= Beginning of Section =
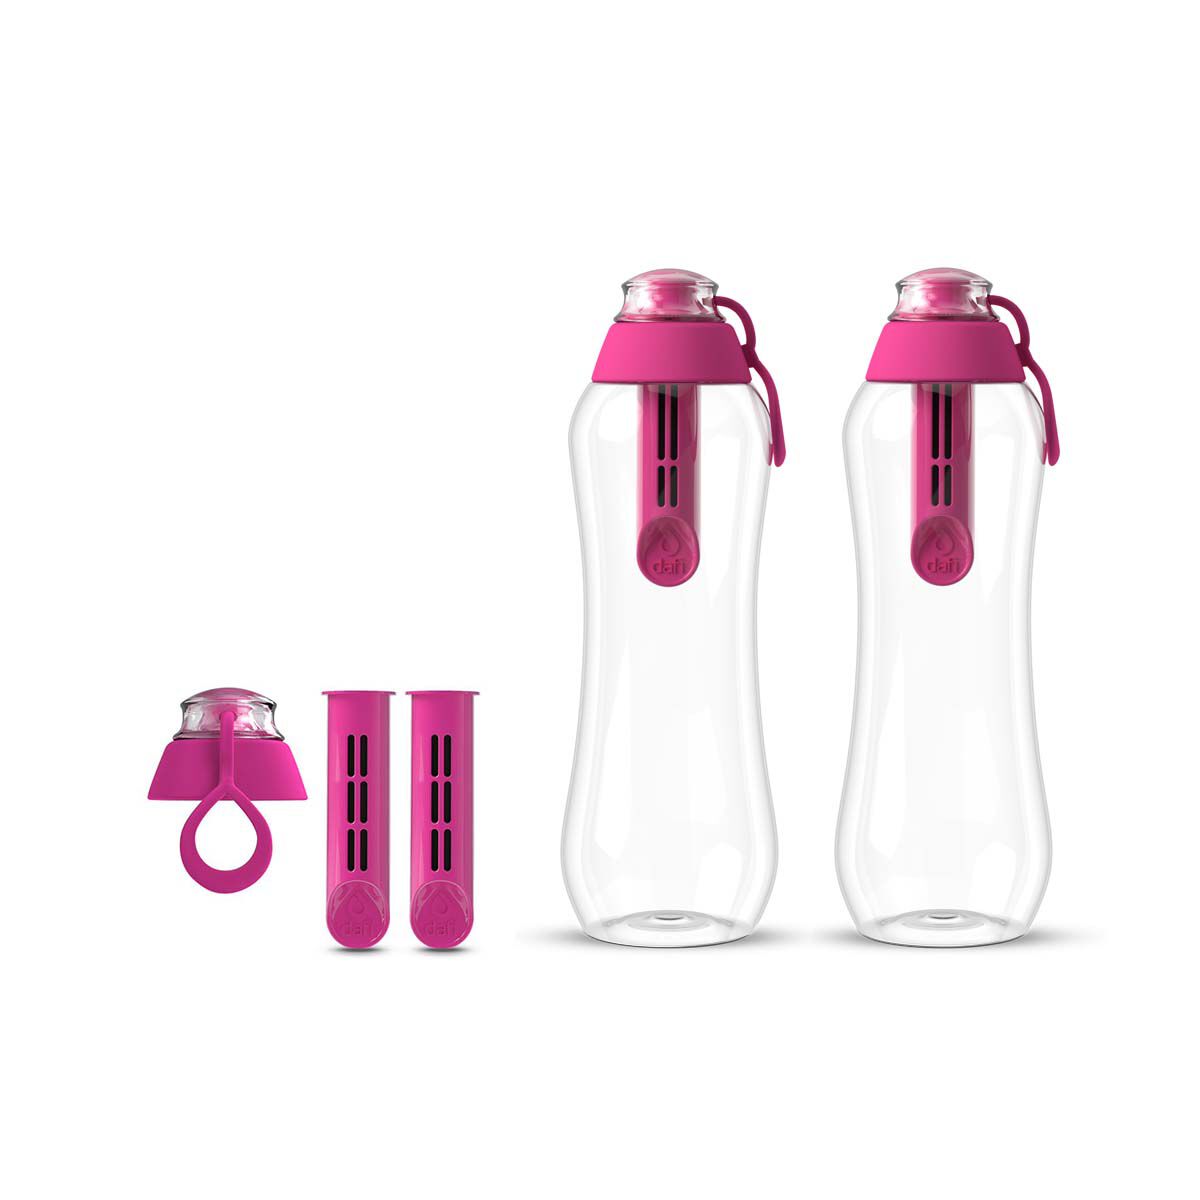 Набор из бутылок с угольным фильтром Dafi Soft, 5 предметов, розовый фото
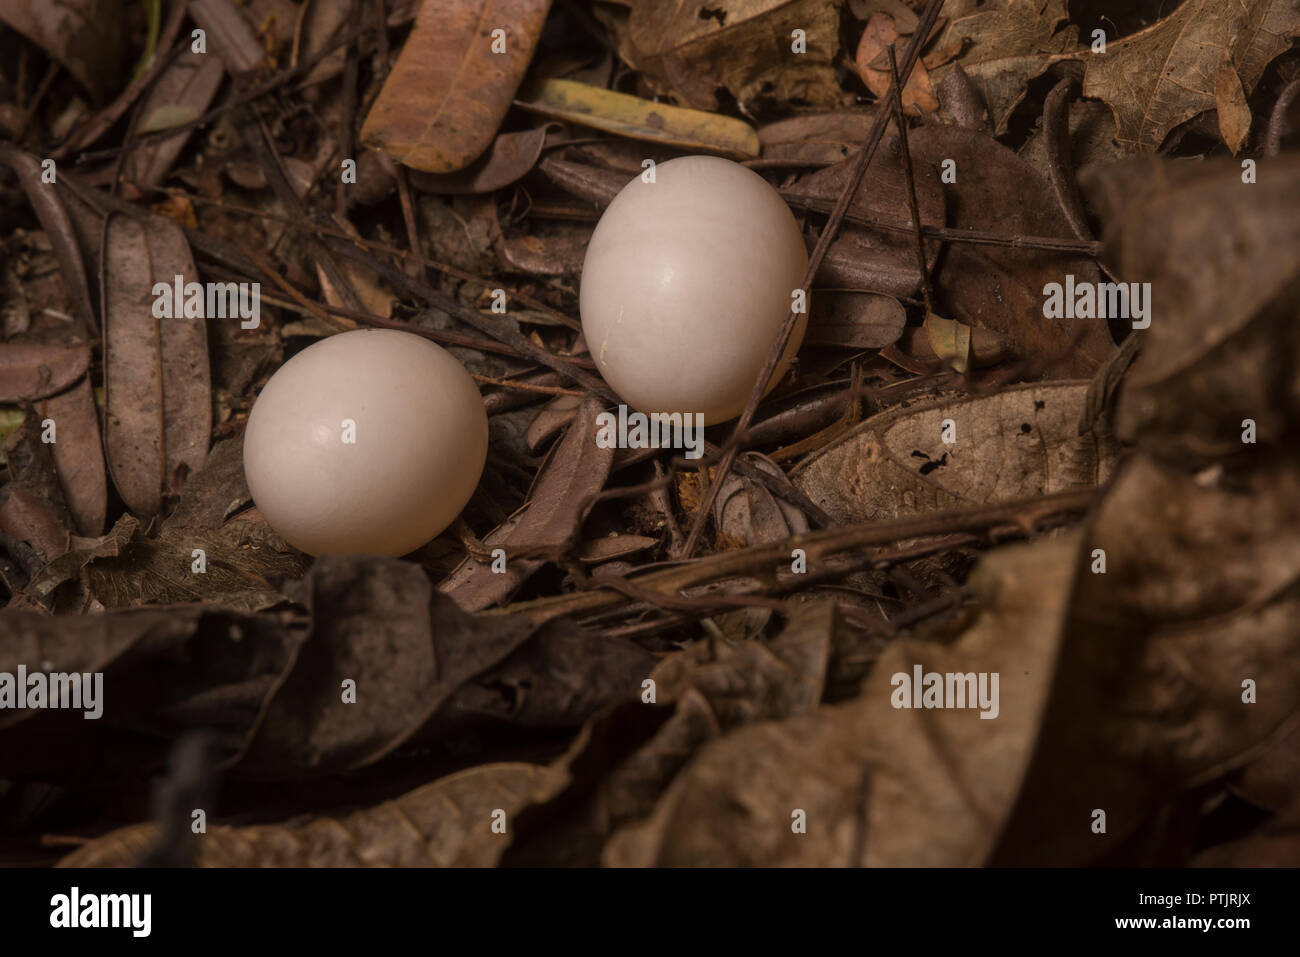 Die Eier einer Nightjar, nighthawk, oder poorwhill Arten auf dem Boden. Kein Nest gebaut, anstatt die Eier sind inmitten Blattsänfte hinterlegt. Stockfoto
= End of Section =
= Beginning of Section =
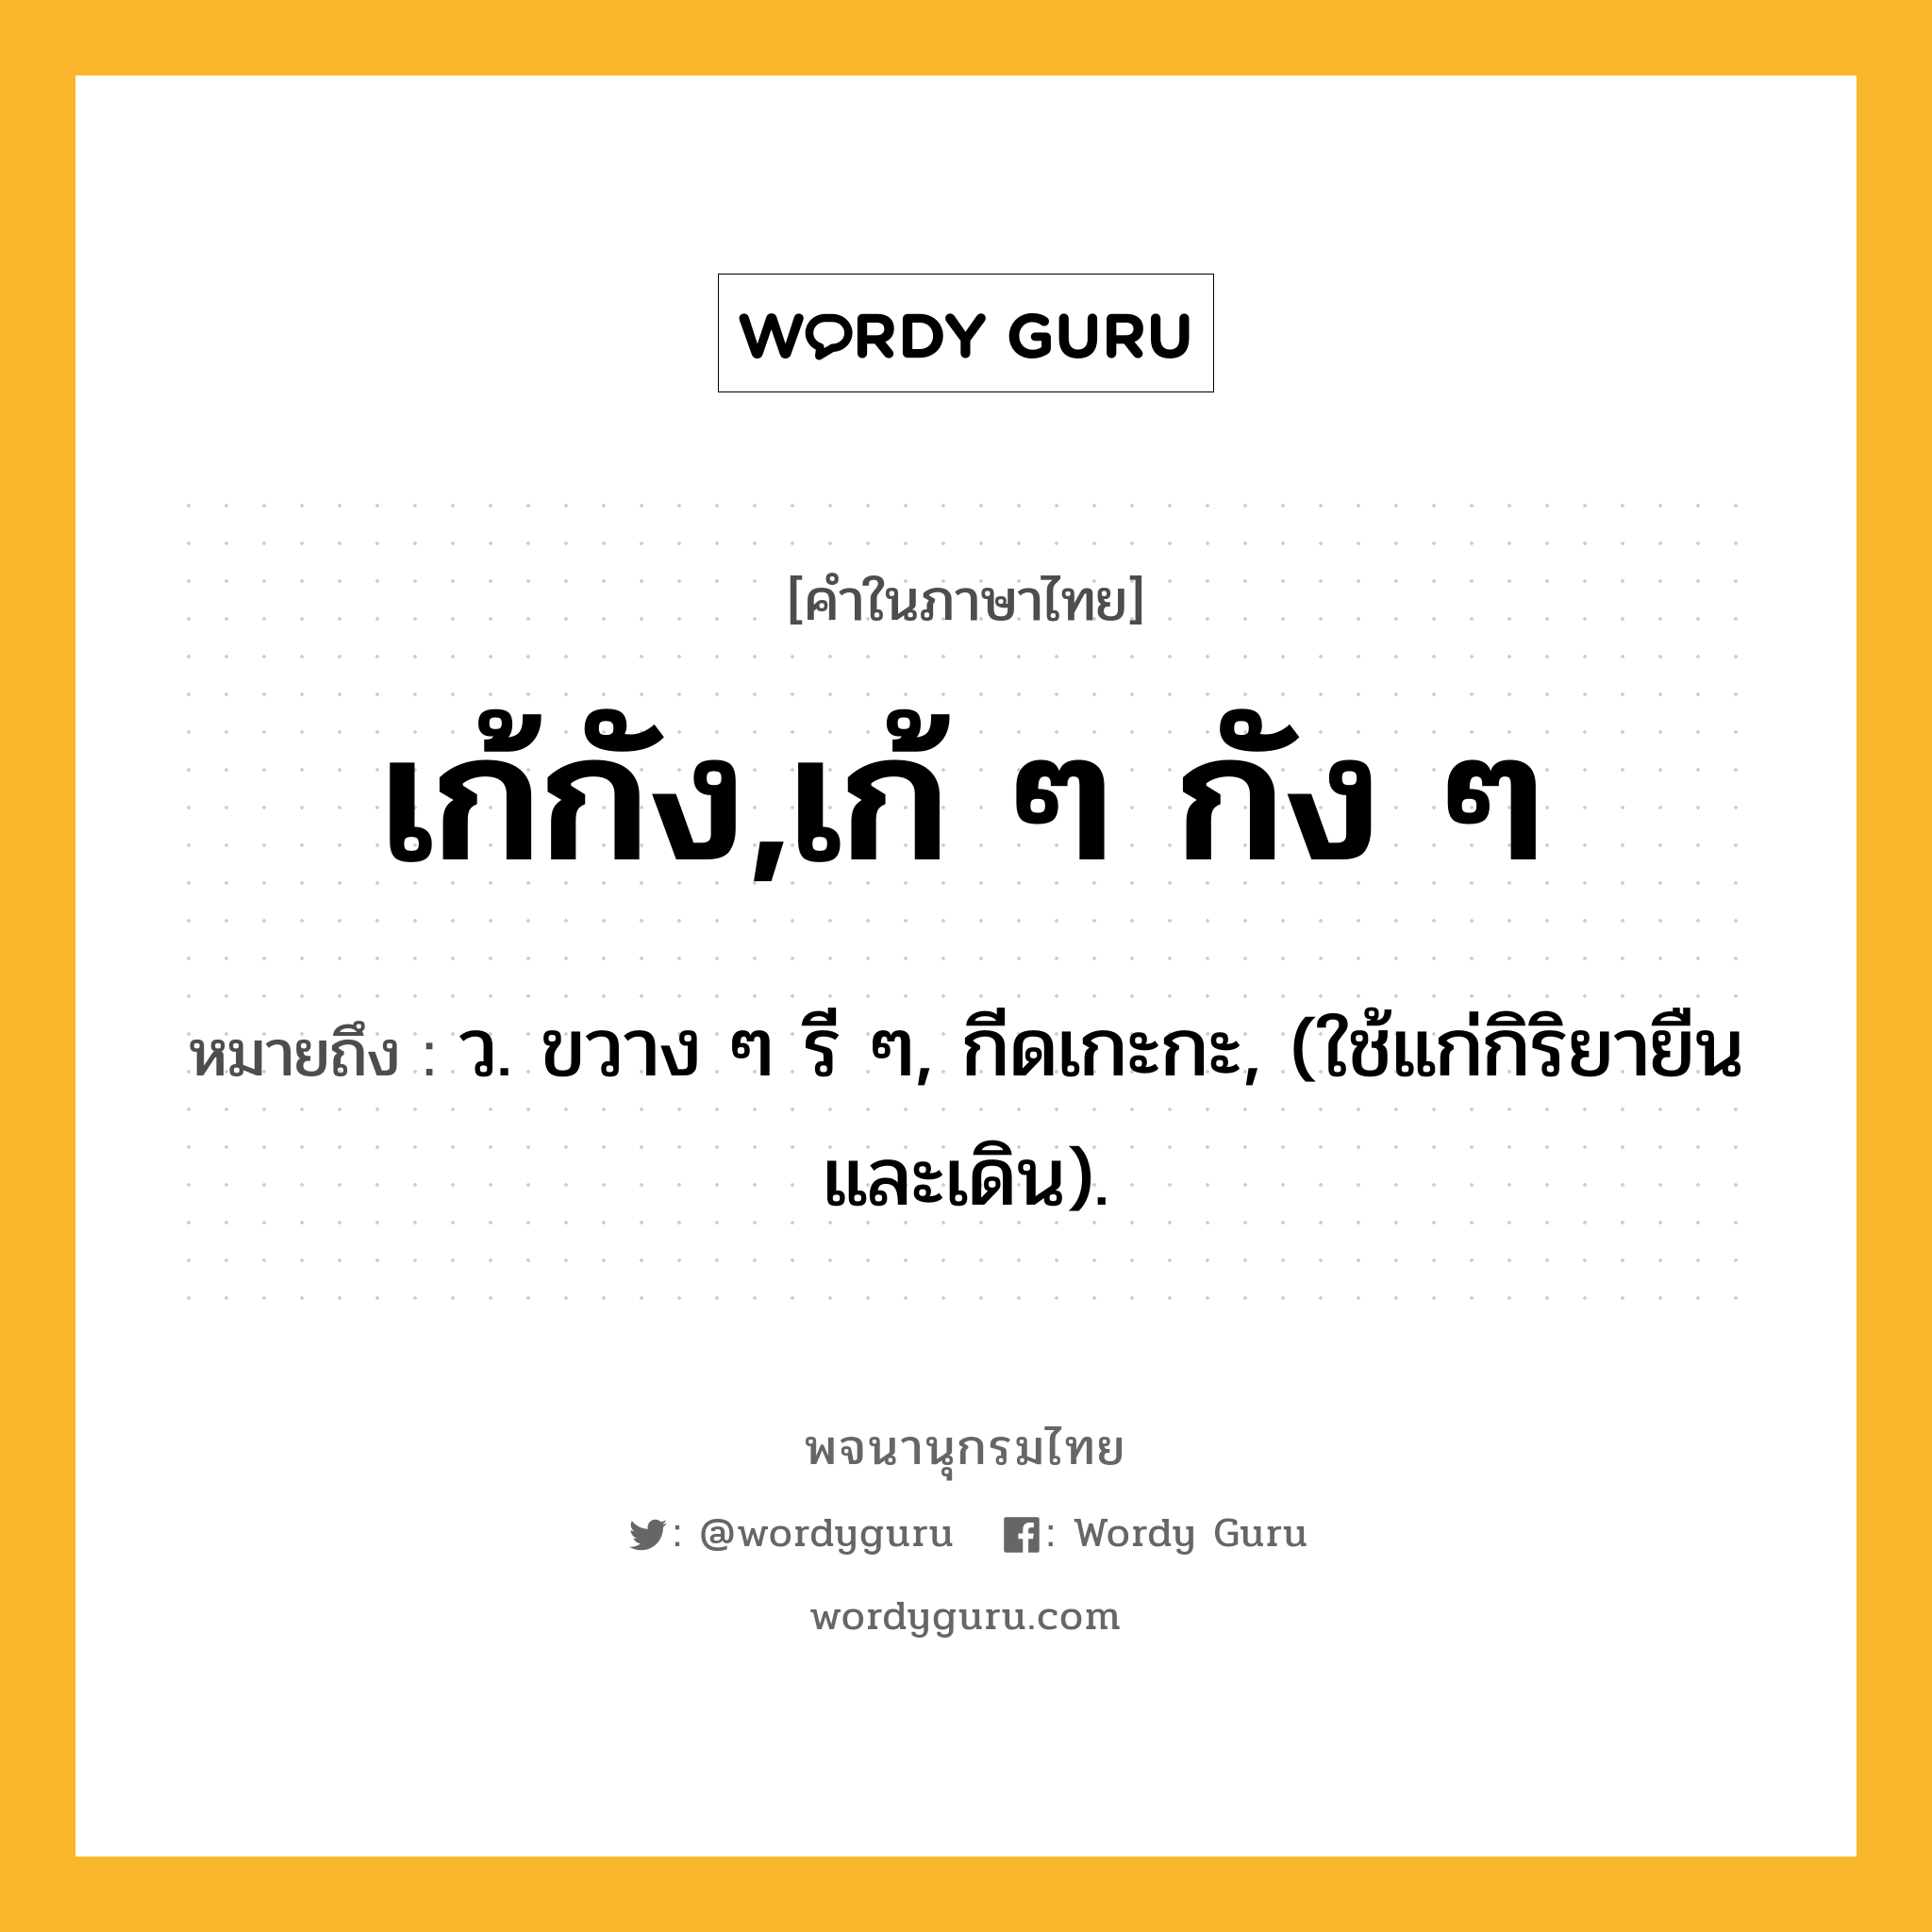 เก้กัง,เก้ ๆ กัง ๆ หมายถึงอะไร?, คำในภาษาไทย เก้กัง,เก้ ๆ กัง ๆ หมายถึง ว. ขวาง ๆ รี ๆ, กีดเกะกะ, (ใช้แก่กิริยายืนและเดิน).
= End of Section =
### Task item
Leave the pictures out. Output, exactly, the lines of the material above starting at the line containing "Набор из бутылок" and ending at the line containing "Die Eier einer".

### Response
 Набор из бутылок с угольным фильтром Dafi Soft, 5 предметов, розовый фото
 Die Eier einer Nightjar, nighthawk, oder poorwhill Arten auf dem Boden. Kein Nest gebaut, anstatt die Eier sind inmitten Blattsänfte hinterlegt. Stockfoto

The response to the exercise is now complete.